Significant challenges remain to bring the recent acquisition up to speed.

Darden’s “brilliant with the basics” operating strategy has been the anchor for its industry-fronting results for years now, and the fourth quarter was no different. Same-store sales increased at every brand except its most recent acquisition, Cheddar’s Scratch Kitchen, resulting in a blended lift of 2.2 percent across the legacy board. Earnings per share of $1.39 topped FactSet expectations of $1.35 and revenue came in at $2.13 billion.

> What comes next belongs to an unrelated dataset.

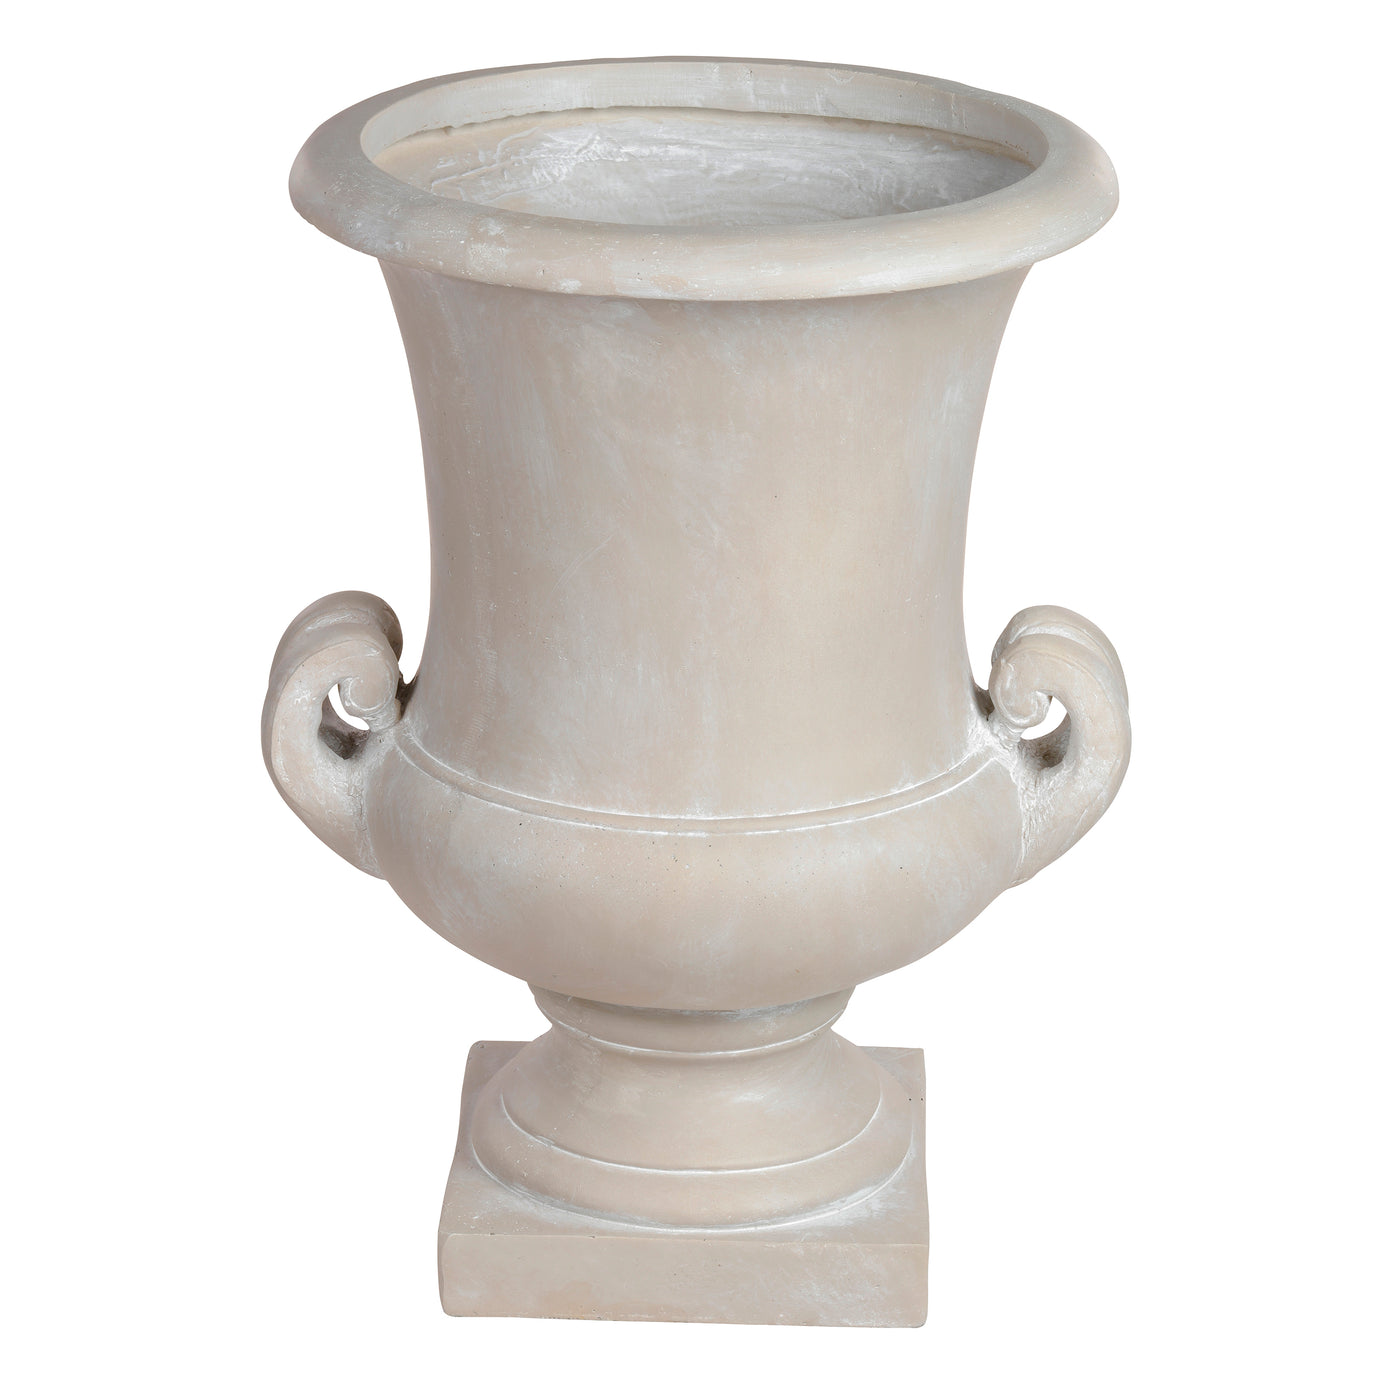 Luxury stonecast urn planter in light grey

These stellar results sent Darden’s stock soaring more than 11 percent in pre-market trading Thursday morning.

But now the question becomes, can Darden inject its strategic, simplification-first philosophy into Cheddar’s, a 165-unit brand it purchased for $780 million last April?

The first quarter of fiscal 2019 will mark the first time Darden counts Cheddar’s in its comps base, which dragged guidance a bit to 1–2 percent expected growth. Cheddar’s same-store sales significantly underperformed Darden’s system in Q4 at negative 4.7 percent (original company stores were down 3.3 percent while the acquired franchise units fell 7 percent). For fiscal 2018, Cheddar’s dropped 2 percent, year-over-year.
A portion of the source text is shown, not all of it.